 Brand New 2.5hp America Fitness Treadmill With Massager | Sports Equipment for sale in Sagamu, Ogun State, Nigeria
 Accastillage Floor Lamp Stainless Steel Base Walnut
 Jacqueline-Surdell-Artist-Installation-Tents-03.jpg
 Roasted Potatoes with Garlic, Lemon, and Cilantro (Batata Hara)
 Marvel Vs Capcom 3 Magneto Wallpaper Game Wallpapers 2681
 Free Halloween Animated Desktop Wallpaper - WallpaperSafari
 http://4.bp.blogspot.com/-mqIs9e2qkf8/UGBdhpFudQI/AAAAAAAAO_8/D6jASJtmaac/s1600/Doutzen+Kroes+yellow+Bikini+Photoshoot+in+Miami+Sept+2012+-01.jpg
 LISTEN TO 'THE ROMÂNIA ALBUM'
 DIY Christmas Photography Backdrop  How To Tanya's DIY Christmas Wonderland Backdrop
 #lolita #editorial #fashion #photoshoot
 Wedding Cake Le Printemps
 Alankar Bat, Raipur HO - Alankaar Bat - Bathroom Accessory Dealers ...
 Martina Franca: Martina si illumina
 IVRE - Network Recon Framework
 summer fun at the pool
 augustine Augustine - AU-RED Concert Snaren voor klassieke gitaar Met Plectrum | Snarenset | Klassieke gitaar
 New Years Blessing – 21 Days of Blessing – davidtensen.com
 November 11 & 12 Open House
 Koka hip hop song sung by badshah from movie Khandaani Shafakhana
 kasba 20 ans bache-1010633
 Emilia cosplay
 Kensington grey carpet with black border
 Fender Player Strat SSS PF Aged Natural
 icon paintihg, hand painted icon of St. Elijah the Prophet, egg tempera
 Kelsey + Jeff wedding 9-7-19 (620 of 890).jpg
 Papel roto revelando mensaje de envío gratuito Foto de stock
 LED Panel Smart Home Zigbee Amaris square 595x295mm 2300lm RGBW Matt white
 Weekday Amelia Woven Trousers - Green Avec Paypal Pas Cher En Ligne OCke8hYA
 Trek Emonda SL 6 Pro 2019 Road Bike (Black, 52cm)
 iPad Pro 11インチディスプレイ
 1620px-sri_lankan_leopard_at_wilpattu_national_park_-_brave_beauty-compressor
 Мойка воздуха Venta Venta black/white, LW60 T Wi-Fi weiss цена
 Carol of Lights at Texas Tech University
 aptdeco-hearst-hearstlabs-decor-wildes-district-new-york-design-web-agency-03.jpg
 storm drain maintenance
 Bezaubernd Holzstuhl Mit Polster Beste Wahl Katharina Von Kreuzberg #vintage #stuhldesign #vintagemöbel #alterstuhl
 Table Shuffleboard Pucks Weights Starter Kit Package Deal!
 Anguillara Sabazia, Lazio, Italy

The task
If a line in the records above contains "Wallpaper", copy that line.

Your response
 Marvel Vs Capcom 3 Magneto Wallpaper Game Wallpapers 2681
 Free Halloween Animated Desktop Wallpaper - WallpaperSafari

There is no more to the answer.